2  Michael Porter, L’avantage concurrentiel des nations[A vantagem concorrencial das nações], Inter-Editions, Paris, 1993.
3  Ler François Cusset, “La foire aux fiefs” [A feira nos feudos], Le Monde Diplomatique, maio 2007.
4  Paul Krugman, “Competitiveness: a dangerous obsession” [Competitividade: uma perigosa obsessão], Foreign Affairs, Tampa, v.73, n.2, mar.-abr. 1994; “The competition myth” [O mito da competitividade], The New York Times, 23 jan. 2011.
5  Aiginger Karl, “From a dangerous obsession to a welfare creative ability with positive externalities” [De uma perigosa obsessão à habilidade criativa para gerar bem-estar com externalidades positivas], Journal of Industry, Competition and Trade, v.6, n.2, jun. 2006.
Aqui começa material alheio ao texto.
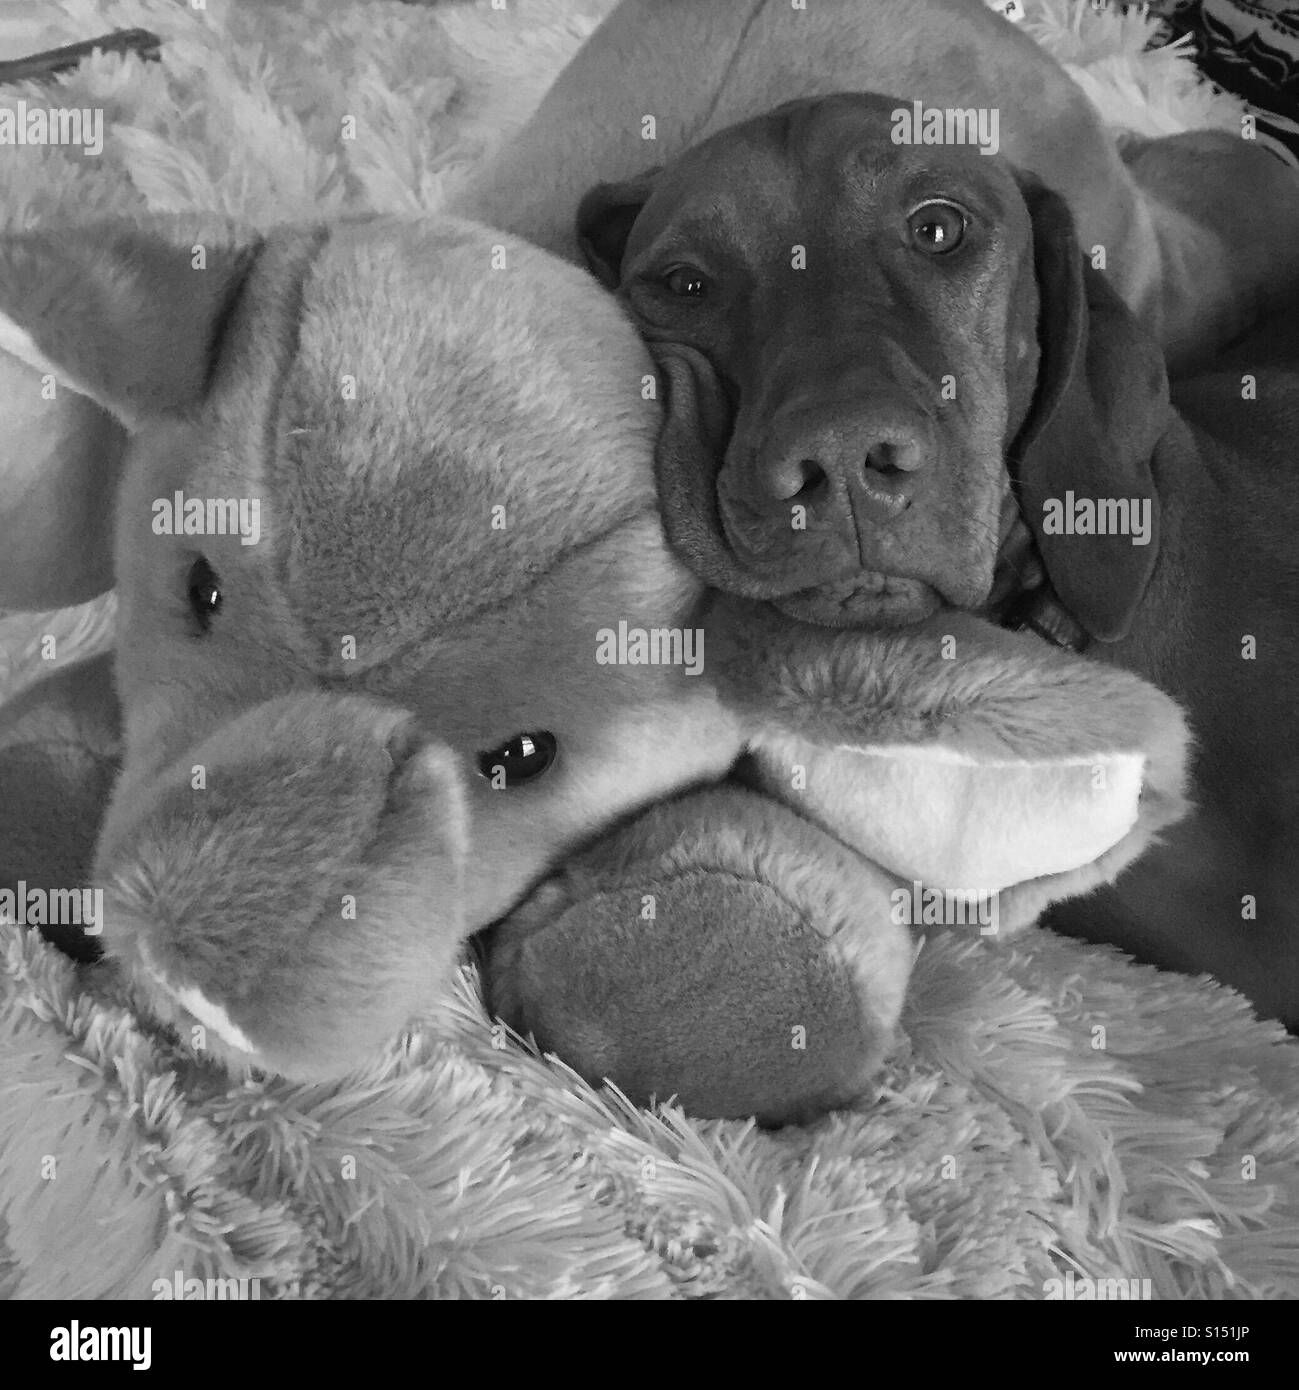 Dog cuddling with stuffed animal Stock Photo

6  Alexis Jacquemin e Lucio Pench, Pour une compétitivité européenne. Rapport du groupe consultatif sur la compétitivité [Por uma competitividade europeia. Relatório do grupo de consultoria sobre a competitividade], De Boeck, Bruxelas, 1997.
7  Christian Blanc, “Pour un écosystème de la croissance. Rapport au premier ministre” [Por um ecossistema do crescimento. Relatório ao primeiro-ministro], La Documentation Française, Paris, 2004.
8  Ler Anne Dufresne, “Le consensus de Berlin” [O consenso de Berlim], Le Monde Diplomatique, fev. 2012.
9  Os Estados Unidos votaram, por exemplo, no Ato Antitruste de Sherman (1890) e o no Ato Antitruste de Clayton (1914), para melhorar o funcionamento do mercado.
10            Ler Till van Treeck, “Victoire à la Pyrrhus pour l’économie allemande” [Vitória de Pirro para a economia alemã], Le Monde Diplomatique, set. 2010.